Bir toplumun dilemması - Ân diyarı (42)

Hem okuyup hem çalışıyordum Selim Ali. Sonra işte öyle ne tam okuyabildim ne tam çalıştım.

Şair mi ilim adamı mı ticaret erbabı mı zenatkâr mı siyasetçi mi olacaktım... karıştı gitti.

Hep olan hiç olurmuş ya... oradan oraya rüzgâra kapılmış yaprak misali...

Meğer birçok aile gibi biz de fakirmişiz; çok fakir... Eve ekmek götürebilmekmiş bütün telâşe.

Haa, azın azı azgın bir güruh ("sen çalış; ben yiyeyim"ciler) için dünya cennet gibiydi. Aldırdıkları olmayan bunlar için milyonlar gecesini gündüzüne katıyordu.

Bütün okulları bitirdim de... okulların okul olamayışını telafi edeyim diye evi kitaplarla doldurdum.

Eve, arabaya, mutfağa gidecek paraları da kitaba yatırdım.

Şikayetçi miyim!

Hayır!

Dertlerimi çözecek bir birim, kurum yok ki... Onlar benden dertli. Olmasalar verdikleri öğrenci harçlığını geri ister miydi kocaman devlet!

Selim Ali, dertlerimi açtın yine.

Bir iş değil çok iş yaptım amma hepsi aynı kapıya; parasızlığa, yarınsızlığa çıkıyordu.

Çırpınmalarım mutlaka bir işe yarıyordu; tecrübe sahibi oluyordum; en pahalısından hem de.

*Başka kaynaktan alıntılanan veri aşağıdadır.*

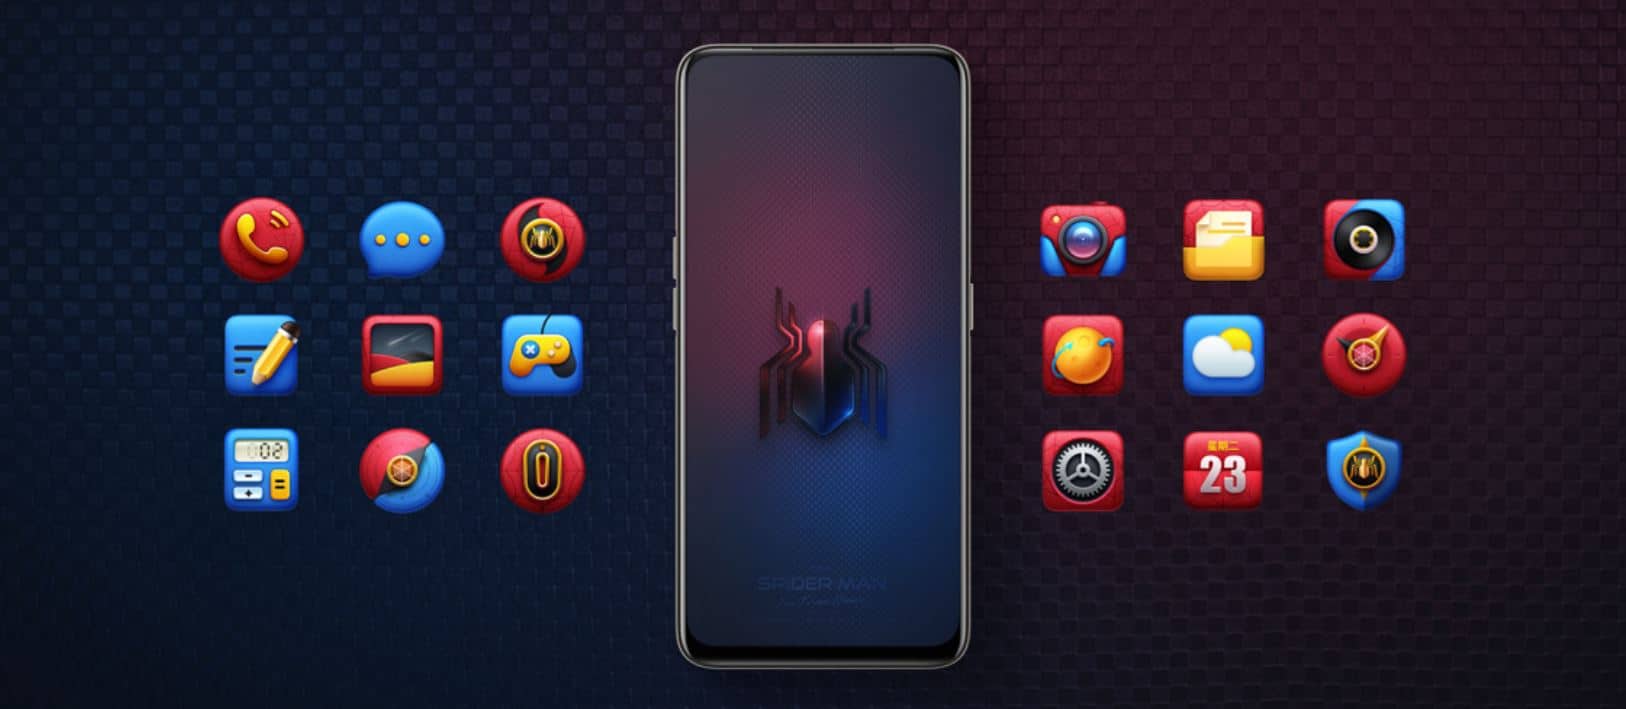 Realme X Spider-Man Edition will be launching soon - GadgetMatch

Bilgin Abi gibi yol göstereceklere -geç de olsa- ulaşmak da nasip işiydi.

"Kadılar, müftüler hepsi geldiler;

Sen bu ilmi nerden aldın, dediler.

Bir kâmil mürşide varmadan olmaz." mısralarını -işçi de olsa- babamdan sık sık duyardım.

Ne anlama geldiğini de bilmezdim elbet.

Zaten onun da bildiği böyle birkaç mısra, bir iki fıkra ve bolca hatıra nakli idi.

İlkokulu bitirdiğinde ben de ortaokula ya da liseye gidiyor olmalıydım.

Yokluğun bütün mirasları ile yakından tanışmış olduğumun farkına ileri yaşlarda varacaktım.

İş işten geçmemiş de olsa birçok şey geçip gitmişti bir kere.

Ben niye anlattım bunları ki... hiiiç!